Des élèves en surnombre
Dans un collège, soient deux classes de 3ième, de
25 élèves chacun. Dans l’une de ces classes, sont scolarisés 5 élèves sourds.
Ceux-ci sont accompagnés en accessibilité de langue des signes pour la
quasi-totalité de leurs cours par des interfaces ou des enseignants
spécialisés. Un jour il est organisé une sortie au cinéma pour les deux
classes, pour voir un film sous-titré. Entre plusieurs films, le choix du film
sous-titré avait été fait pour être accessible aux jeunes élèves sourds.
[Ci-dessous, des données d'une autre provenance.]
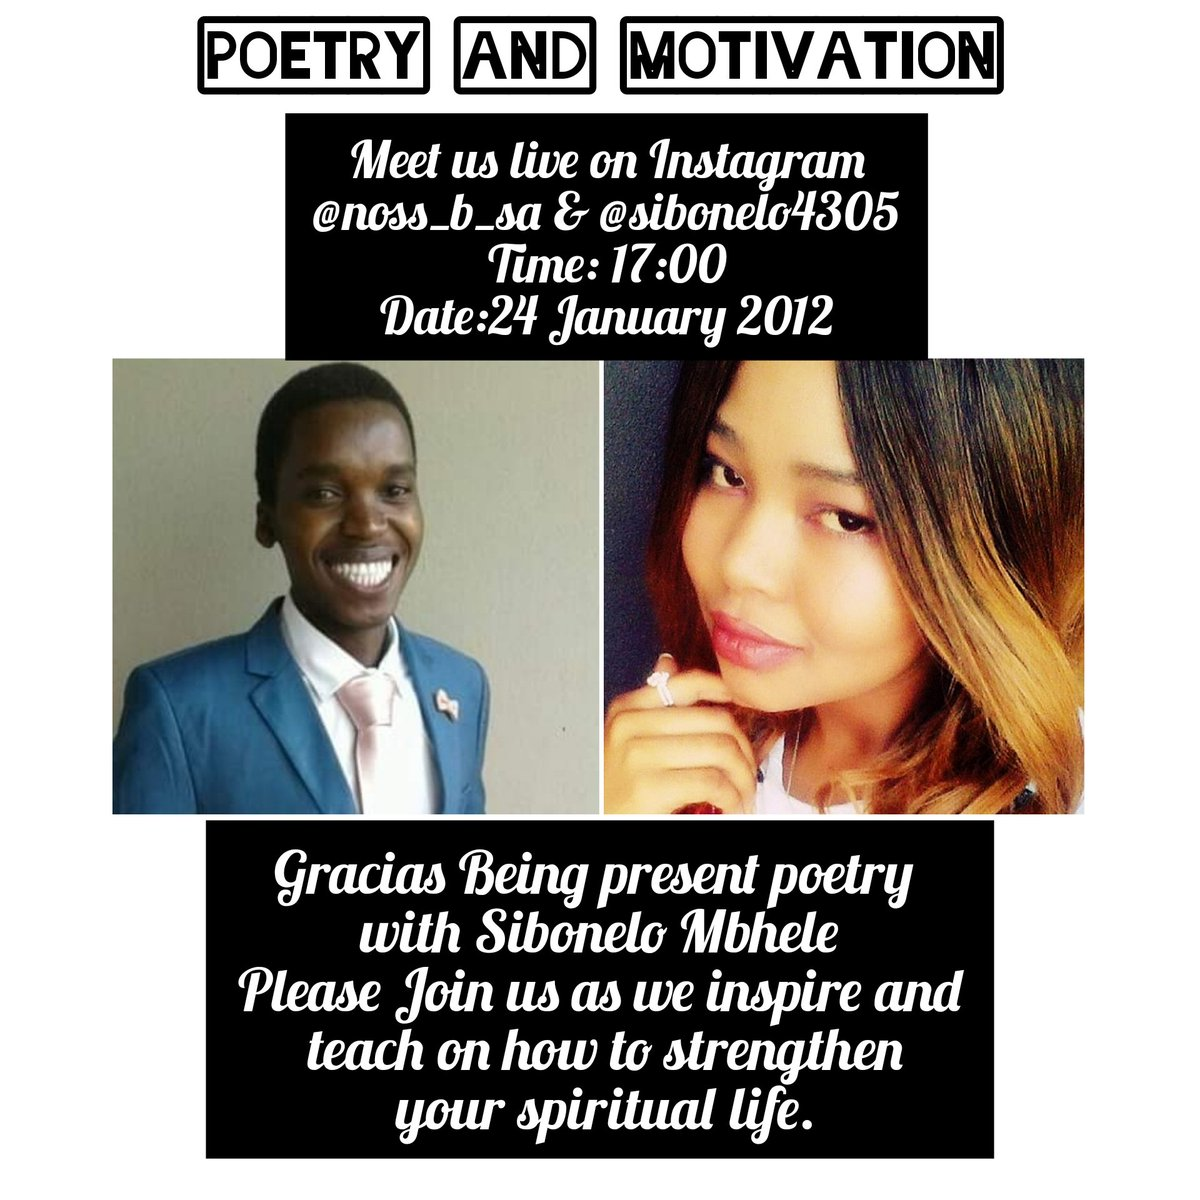 #sundayvibes #poetrylovers #MotivationalQuotes

Un déplacement en car fut organisé pour se rendre à la salle
de cinéma. Le car avait 45 places. Que croyez-vous qu’il arrivât ? Un
courriel m’informe : « Le
problème est que ces 5 élèves sont en surnombre par rapport à l’effectif prévu
pour le transport en car. »
Pourquoi ceux-là, et pas par exemple les 5 plus petits, ou
les 5 plus grands, ou les 5 plus blonds ? Cette remarque ne relevait
d’aucune méchanceté ou mauvaise intention (dans d’autres situations et d’autres
établissements scolaires, la volonté de discrimination était beaucoup plus
manifeste). Au contraire même d’une certaine bonne intention : leur
permettre quand même d’y aller, alors qu’ils n’avaient pas pu aller à d’autres
séances pour des raisons d’absence de sous-titrage.
Mais le problème est un problème éthique et culturel. Ces
élèves, scolarisés « normalement » dans une classe de collège, sont
quand même « anormalement » des élèves, pour plusieurs raisons. Leur
accompagnement (présence permanente d’aide humaine) contribue à leur donner à
statut particulier (ce sont les seuls élèves qui ont un rapport indirect et
médiatisé avec leurs enseingants), davantage même que leur caractéristique
physique de déficience. Les professionnels de l’éducation nationale n’ont eu à
accueillir des tels élèves dans leurs classes que récemment au regard des
habitudes professionnelles, et ces élèves n’ont pas encore acquis totalement la
légitimité d’être dans leur classe.
Ce sont des élèves certes, mais des élèves spéciaux, dans la
classe mais quand même un peu sur le seuil. Et « naturellement »,
dans ce genre de situation, c’est plutôt à eux qu’on pense qu’aux plus
blonds ! Il s’agit d’une discrimination complètement involontaire, mais
d’une discrimination quand même.
PS : finalement, ils sont quand même allés à la séance,
et en car. Il a suffi que j’intervienne pour faire ces remarques pour que le
professionnel du collège se rende compte que le choix éthique qu’il avait fait
posait problème. Cheminer vers une école inclusive n’est pas toujours affaire
de moyens, mais parfois de posture éthique.